■ **Data below**:
=====

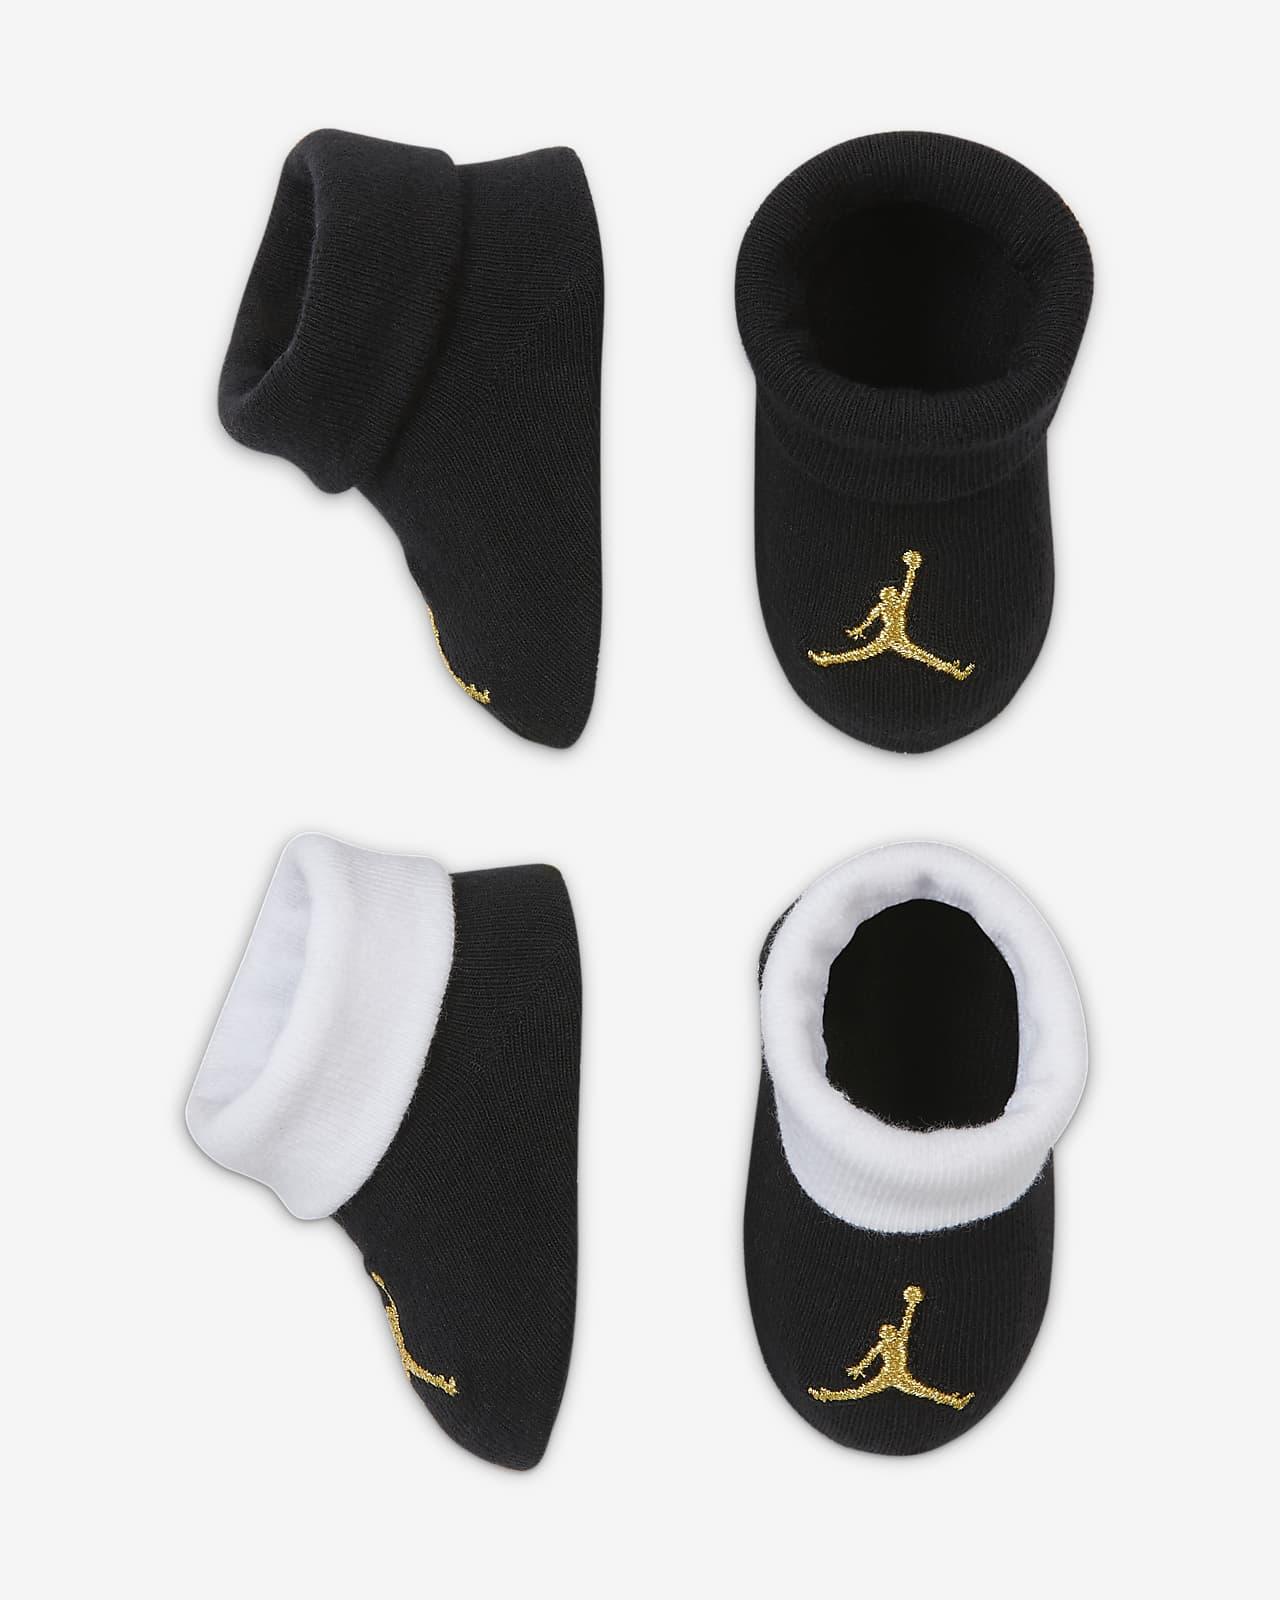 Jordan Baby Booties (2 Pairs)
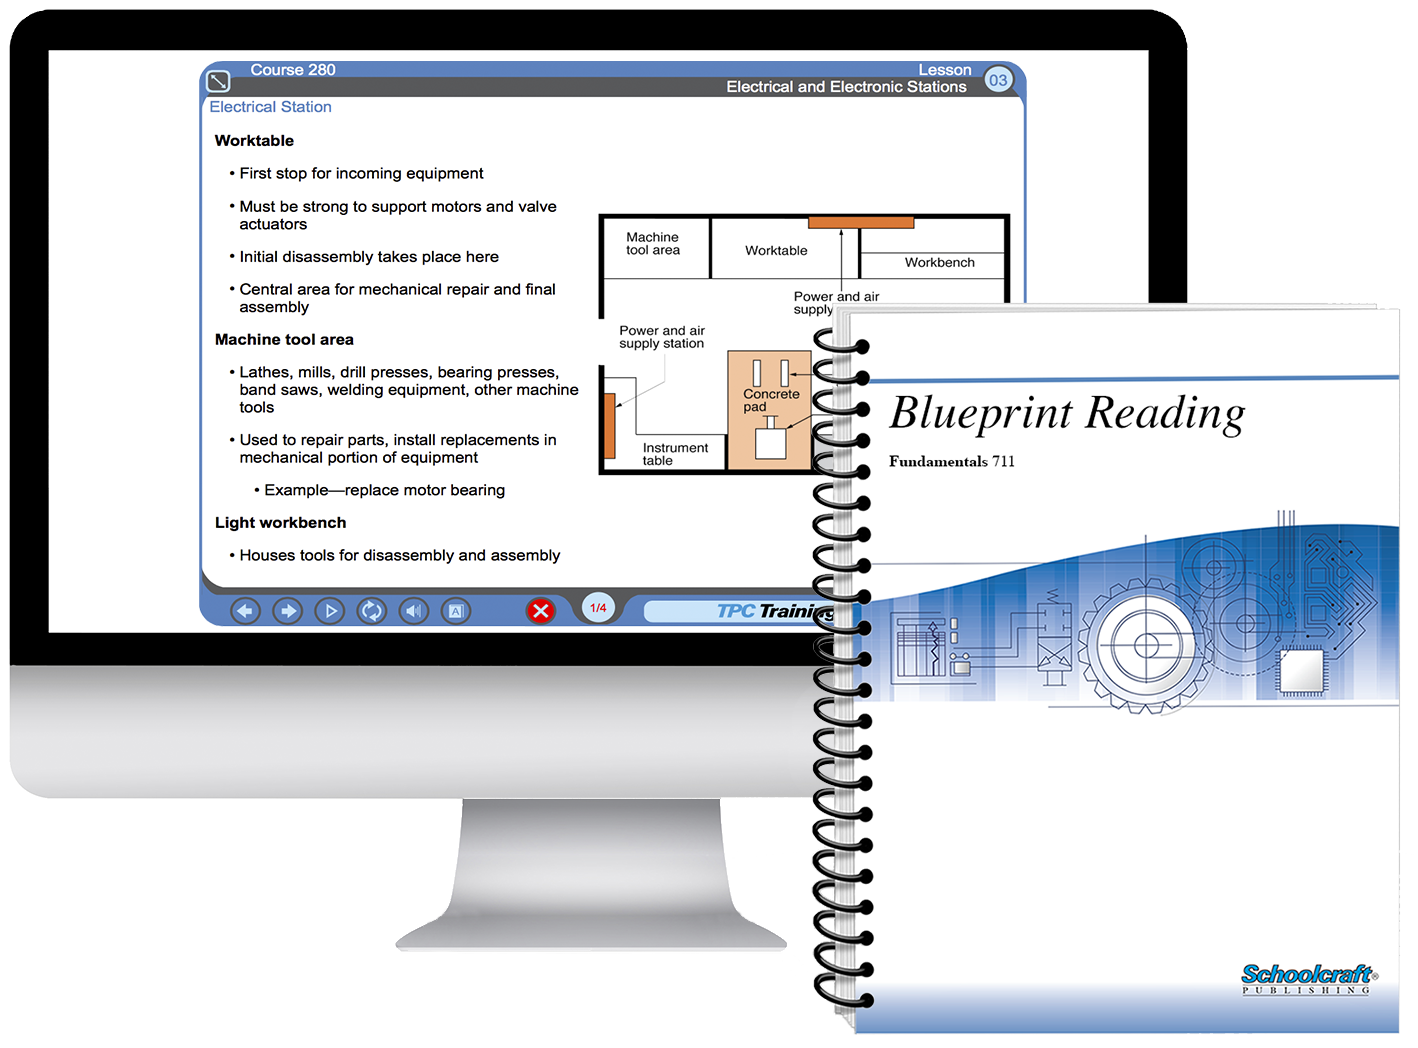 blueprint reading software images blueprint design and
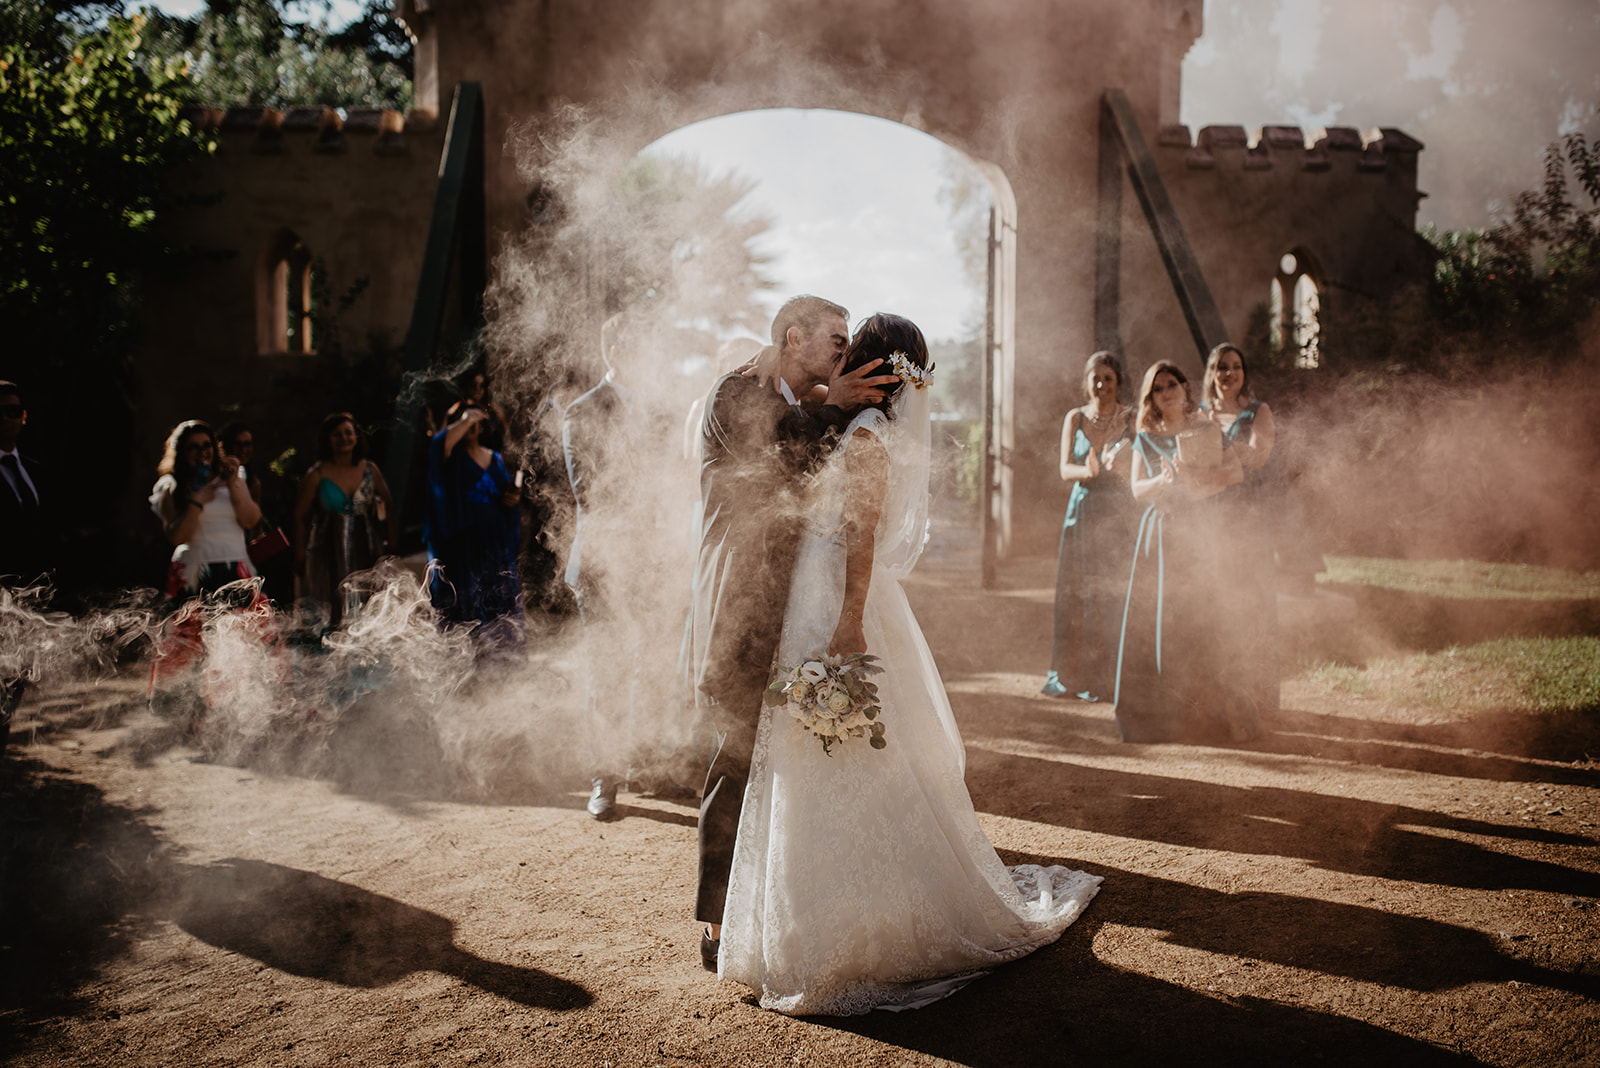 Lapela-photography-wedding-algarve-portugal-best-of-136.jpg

=====

■ **Activity**: Locate "blueprint reading software" in the listing above, then print exactly the lines from that line through the final one, omitting all pictures.

■ **Exercise response**:
 blueprint reading software images blueprint design and
 Lapela-photography-wedding-algarve-portugal-best-of-136.jpg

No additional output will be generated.